— Что желает герр инженер? — вскочил он мне навстречу. Забавно: по нашу сторону границы он спрашивал:
«Чего изволите?», а по эту, хоть и говорил по-русски, фразу строил на немецкий манер.
— Две чашки очень хорошего чая и бутерброды с семгой.
— Пирожные?..
— И пирожные, да.
— Пять минут.
На обратном пути я вдруг сообразил, что именно привлекало за окном внимание моего собеседника-полицая и что я видел сам, но за размышлениями о качествах и статях агента Р-147 просто не пропустил в сознание.

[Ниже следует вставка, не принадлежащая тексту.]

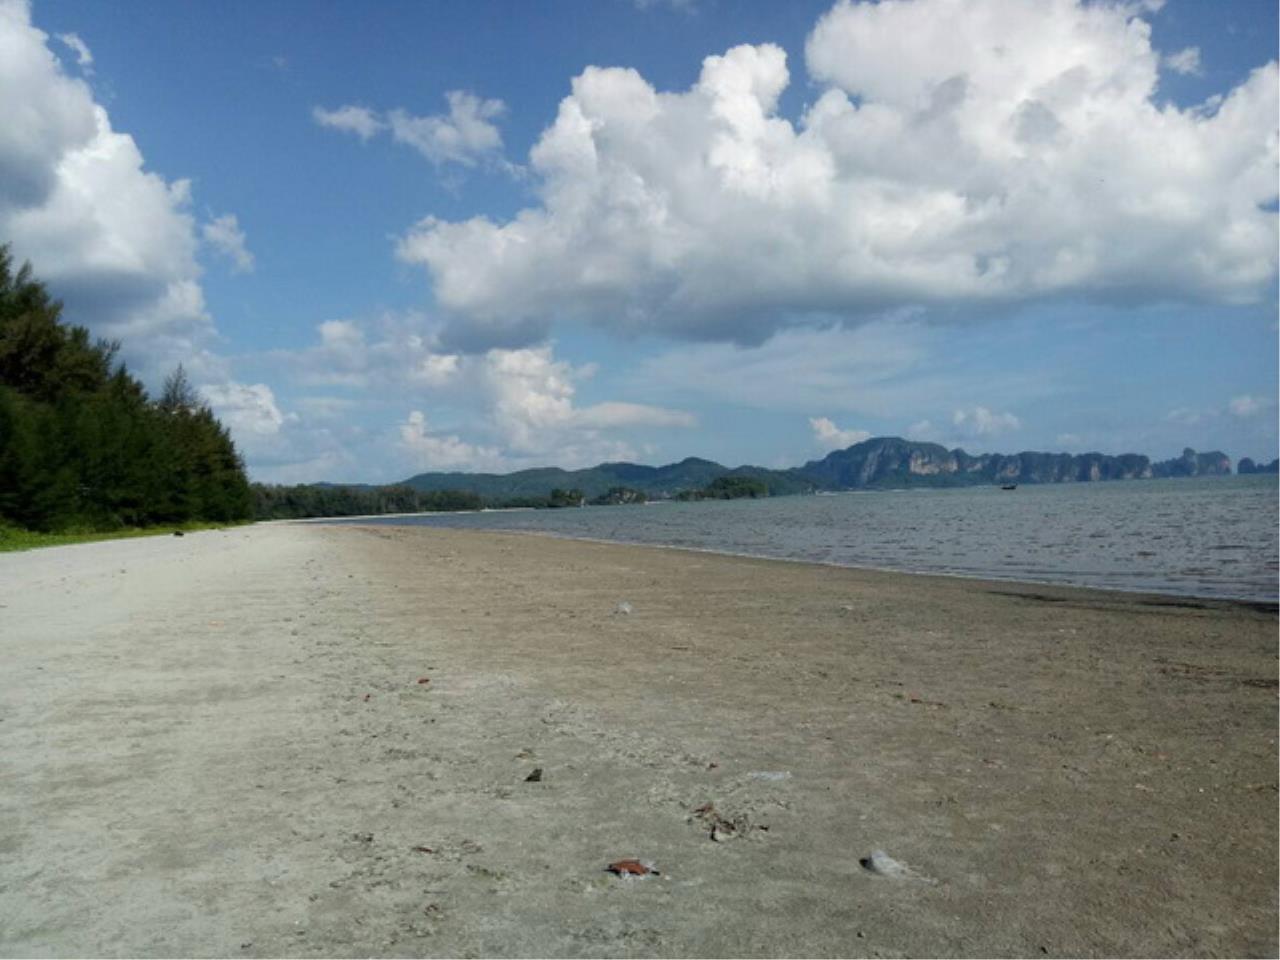 38643-Land for sale, in Krabi province, 16 rai 200 sq.wa.

На мокром асфальте перрона проступили нанесенные трафаретным способом силуэтные портреты «самарской четверки»: Сталина, Молотова, Ворошилова и Берии; силуэты наезжали один на другой, и получалась гордая шеренга — так когда-то изображали казненных декабристов, а потом — Маркса-Энгельса-Ленина-Сталина, «…ет единная ро…» — видны были буквы. У патриотов почему-то всегда нелады с родным языком. Это подметил еще Ларошфуко, только выразился как-то закомелисто. Или это был Паскаль? Блез. Паскаль Блез и Блез Паскаль — это два разных человека. Или Вольтер? Лишивший невинности Жанну д'Арк. Мне вдруг стало тоскливо: последний раз по-настоящему, для души я читал лет пять назад. С тех пор — только для ума.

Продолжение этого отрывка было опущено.